Amino acid sequences deduced from the analyzed regions of H-fibroin cDNA in R. obliterata (Ro). Nonrepetitive parts are aligned with the H-fibroins of the caddisflies H. angustipennis (Ha) and L. decipiens (Ld) and of the moths Y. evonymella (Ye), G. mellonella (Gm), and B.mori (Bm). GenBank entries: Ro 5′ part, AB354587; Ro 3′ part, AB354588; Ld 3′ part, AB214509; Ha 5′ part AB214506; Ha 3′ part, AB214507; Ye 5′ part AB95979; Ye 3′ part, AB195978; Gm 5′ part AF095239; Gm 3′ part, AF095240; Bm, AF226688. Residues conserved in at least two caddisfly species are highlighted gray. The major part of R. obliterata H-fibroin is composed of reiterated domains made up of the RD, RF and RE repeats. a N-terminal region, with residues numbered from the translation start; the first residue after the predicted signal peptide cleavage is underlined. b C-terminal region, with residues numbered backward from the terminal Cys; Cys residues with known function in Lepidoptera are in boldface. Dashed-underlined stretches represent terminal parts of the central repetitive regions (the species differ greatly in the length of the nonrepetitive C-termini)

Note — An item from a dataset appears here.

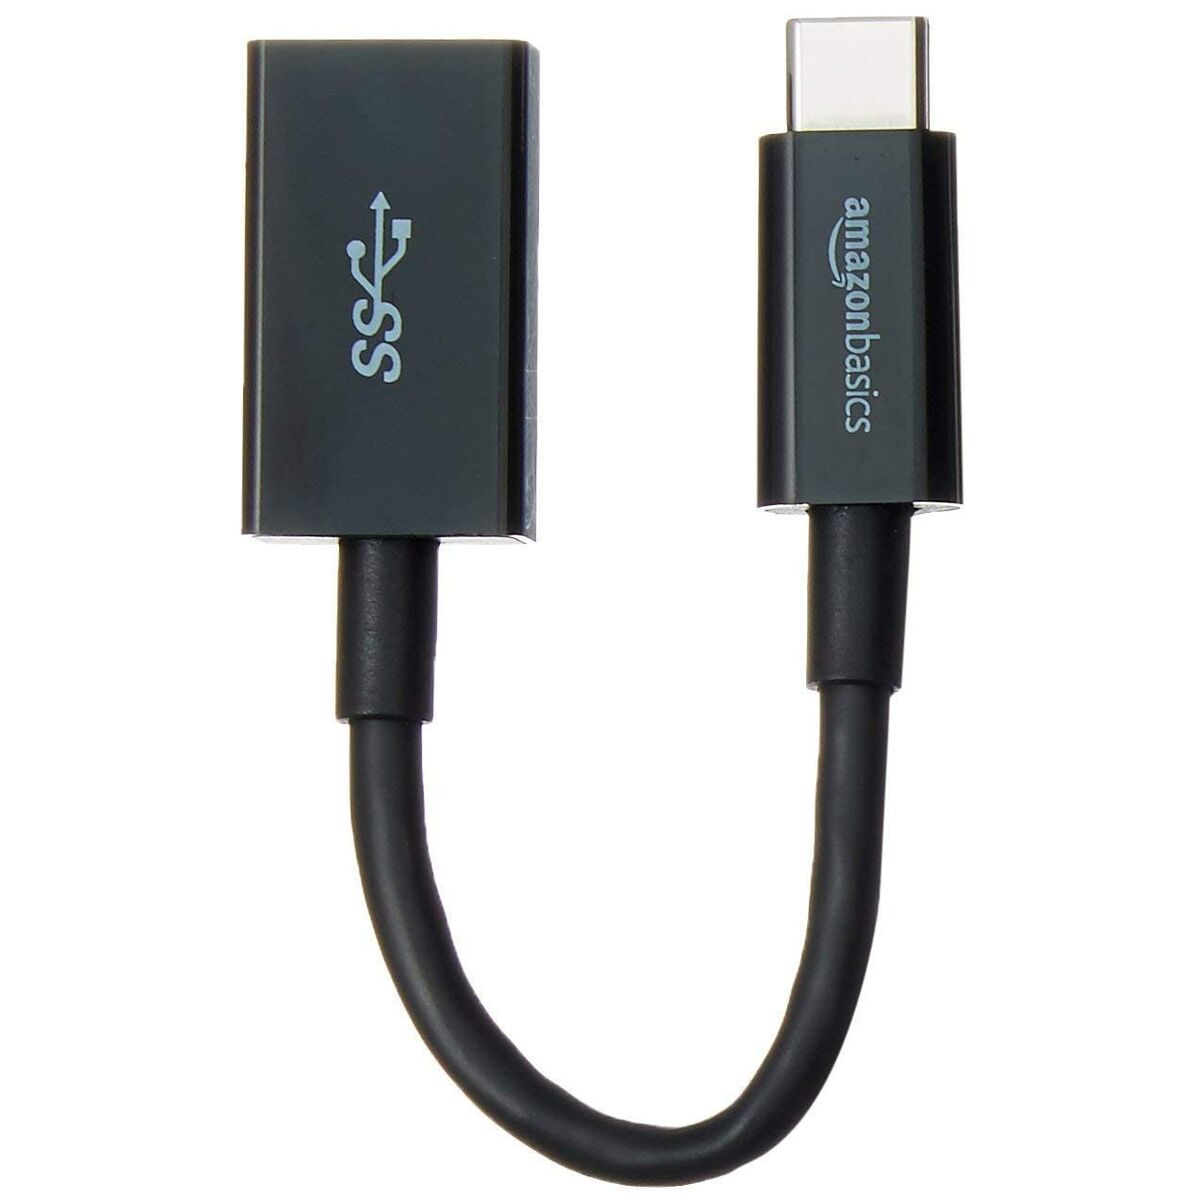 USB Adaptor Amazon Basics (Refurbished A)

Beginning by residue 159, the N-terminal sequence deduced from RoHF5′ became very similar to the repeats encoded by most of the RoHF3a fragment (Fig. 4b). The N-terminal sequence ended and the C-terminal one began with highly conserved repetitive domains of 136 amino acid residues (corresponding to the blocks of 408 nt). The unidentified central part of the H-fibroin most likely consisted of such domains. In Fig. 4, each domain was divided into repeats RD, RF, and RE to accentuate similarities to the LD, LE, and LF repeats previously identified in the H-fibroin of L. decipiens and the HD repeat found in H. angustipennis (Yonemura et al. 2006). The repeats were composed of a few distinct motifs. A stretch of residues of different properties, which was flanked on both sides with a string of five or Ser-X doublets and terminated with Glu, made up a core of the RD repeats. Much longer RE repeats contained reiterated GGL triplets interspaced with a few GH doublets, one GSDSGDL motif, and, at the end, a palindromic LGPGGRRGWGRRGPKY sequence with a central Trp. The RF repeats contained a Ser-rich motif (similar to the SX strings in the RD repeat) flanked on both sides by dodecamers composed of hydrophobic and charged residues. The terminal motif GKHGW of this repeat was similar to the GRRGW of the RE repeats.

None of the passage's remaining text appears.